The below code example shows how to calculate \(E_{ij}\) given a4 (or nlm) assuming the grain parameters proposed by Rathmann and Lilien (2021):

import numpy as np
from specfabpy import specfab as sf
lm, nlm_len = sf.init(8) 

### Synthetic unidirectional CPO (all c-axes aligned in z-direction)
m = np.array([0,0,1]) 
a4 = np.einsum('i,j,k,l', m,m,m,m) # 4-times repeated outer product of m
nlm = np.zeros((nlm_len), dtype=np.complex64)
nlm[:sf.L4len] = sf.a4_to_nlm(a4) # derive corresponding expansion coefficients

### Basis for enhancement factor calculations
(e1,e2,e3, eigvals) = sf.frame(nlm, 'e') # enhancement factors are w.r.t. a^(2) basis (i.e. eigenenhancements)
#(e1,e2,e3) = np.eye(3) # enhancement factors are w.r.t. Cartesian basis (x,y,z)
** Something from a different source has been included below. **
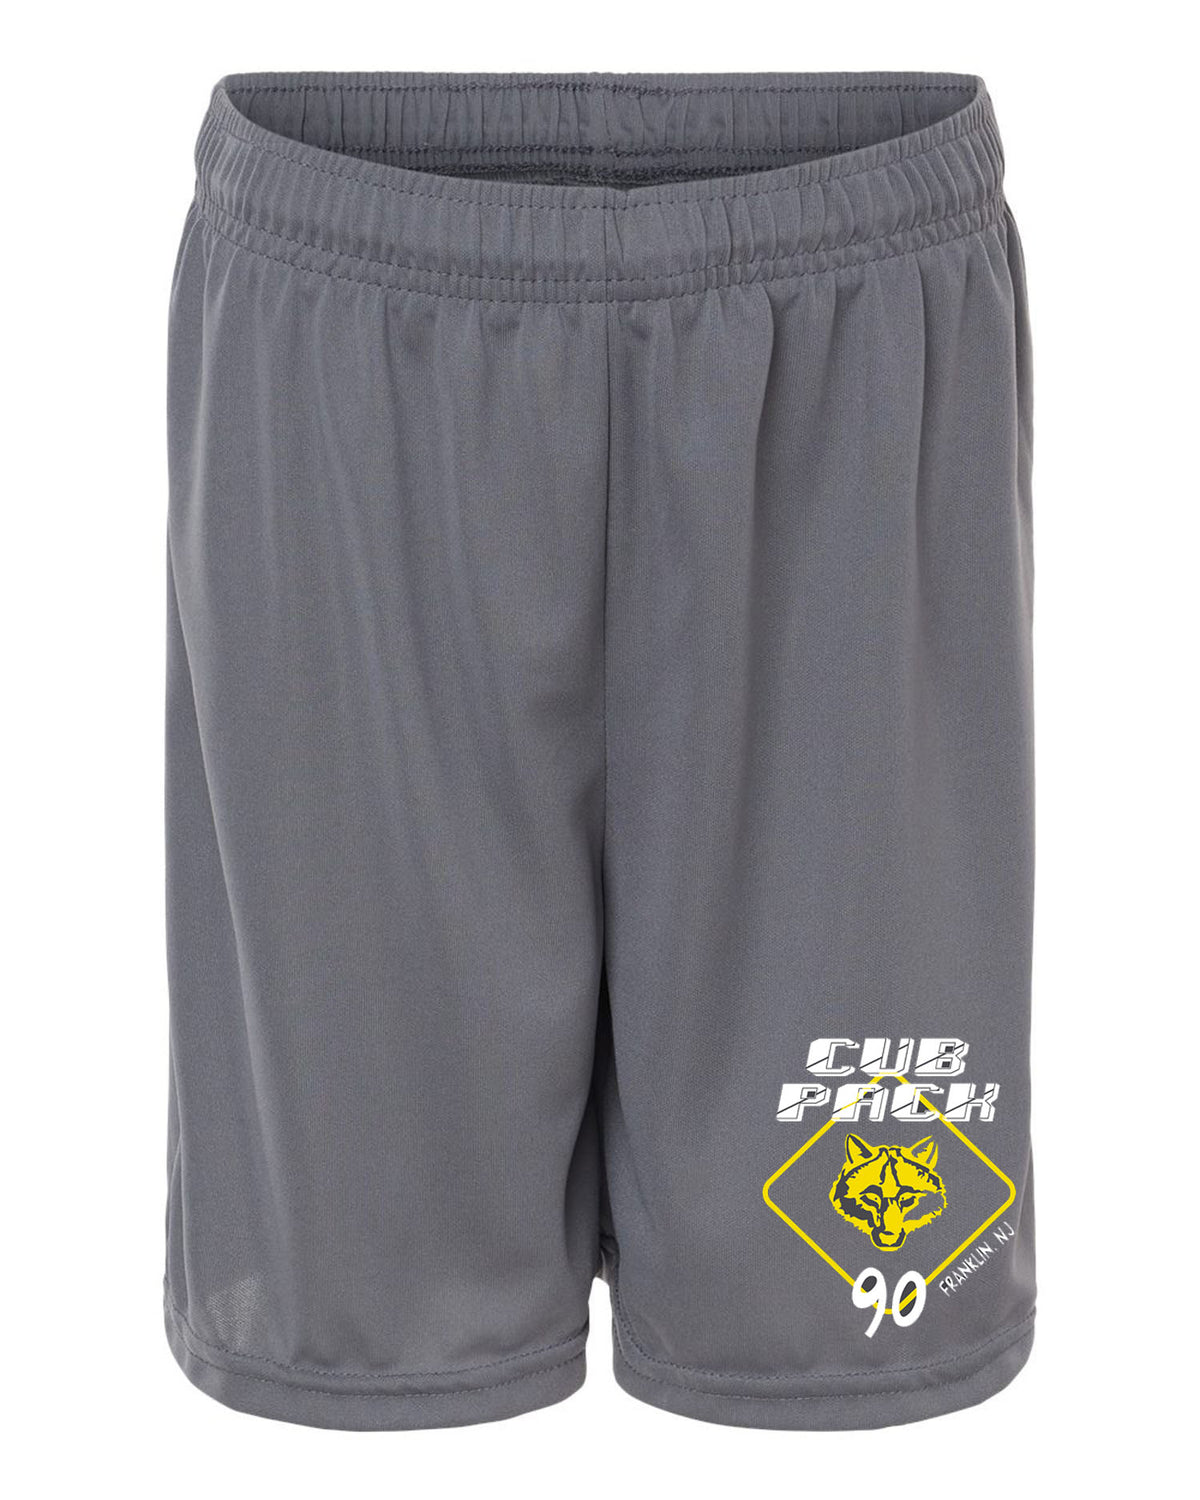 Cub Scout Pack 90 Performance Shorts Design 2

### Transversely isotropic monocrystal parameters for ice (Rathmann & Lilien, 2021)
n_grain   = 1        # power-law exponent: n=1 => linear grain rheology, nonlinear (n>1) is unsupported.
Eij_grain = (1, 1e3) # grain eigenenhancements (Ecc,Eca) for compression along c-axis (Ecc) and for shear parallel to basal plane (Eca)
alpha     = 0.0125   # Taylor--Sachs weight

### Calculate enhancement factors w.r.t. (e1,e2,e3)
Eij = sf.Eij_tranisotropic(nlm, e1,e2,e3, Eij_grain,alpha,n_grain) # Eij=(E11,E22,E33,E23,E13,E12)
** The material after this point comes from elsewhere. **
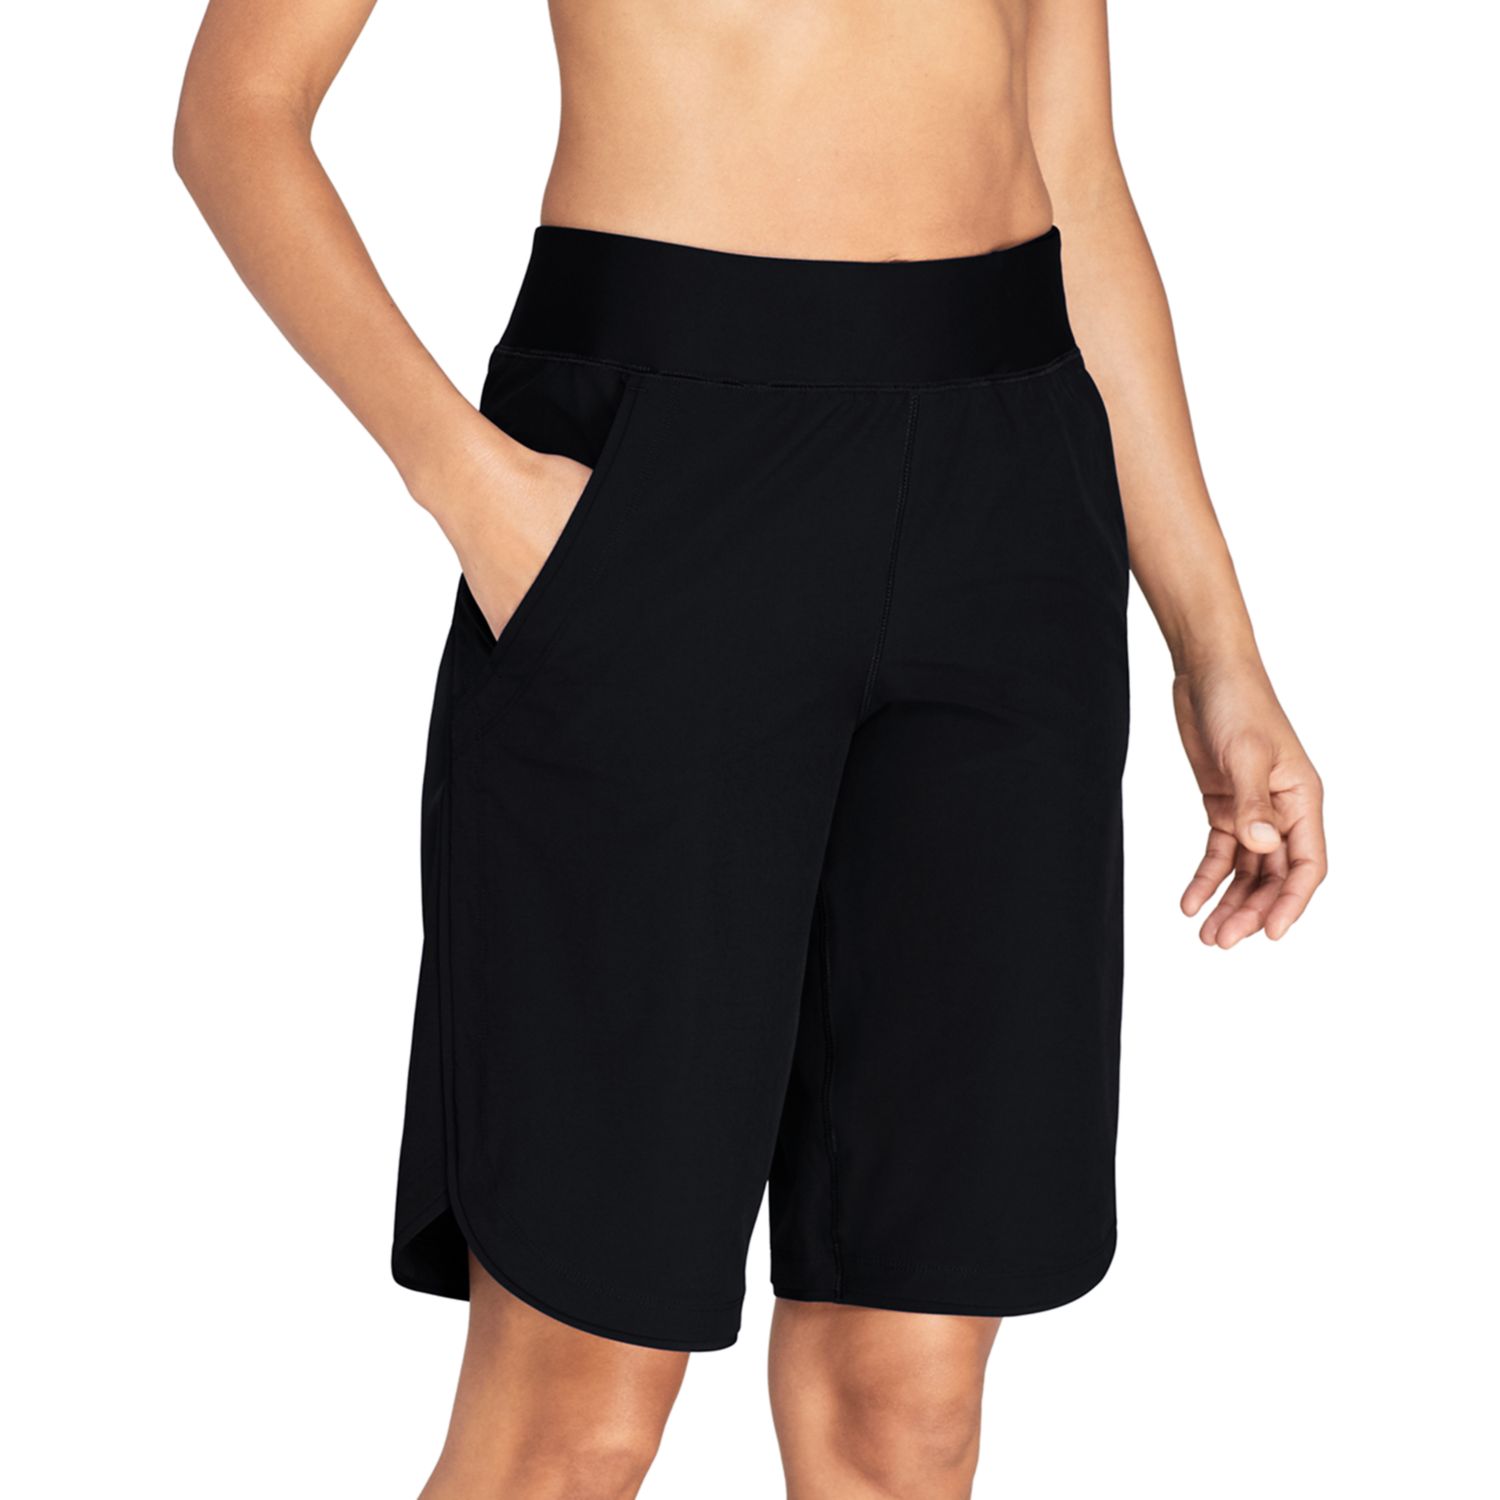 Image for Lands' End Women's Quick Dry Thigh-Minimizer With Panty Swim Modest Board Shorts at Kohl's.

Choosing grain parameters for glacier ice

The grain parameters proposed by Rathmann and Lilien (2021) assume a linear viscous (\(n'=1\)) response and promote the activation of basal glide by making that slip system soft compared to other systems: \(E_{ca}' > 1\), whereas \(E_{cc}'=1\). This reduces the problem to that of picking \(E_{ca}'\) and \(\alpha\), which Rathmann and Lilien (2021) chose such that deformation tests on unidirectional CPOs (perfect single maximum) are approximately reproduced: \(E_{mt}=10\) while \(E_{mt}/E_{pq} \sim 10^4\), where \(p,q\) denote directions at \(45^\circ\) to \({\bf m}\).

The effect of choosing alternative \(E_{ca}'\) and \(\alpha\) (left plot) on eigenenhancements for different CPO states (right plot) is here shown for combinations of \(E_{ca}'\) and \(\alpha\) that fulfill \(E_{mt}=10\) for a unidirectional CPO:

Clearly, there is a tradeoff between how shear enhanced (\(E_{mt}\)) and how hard for axial compression (\(E_{mm}\)) the model allows a unidirectional CPO to be.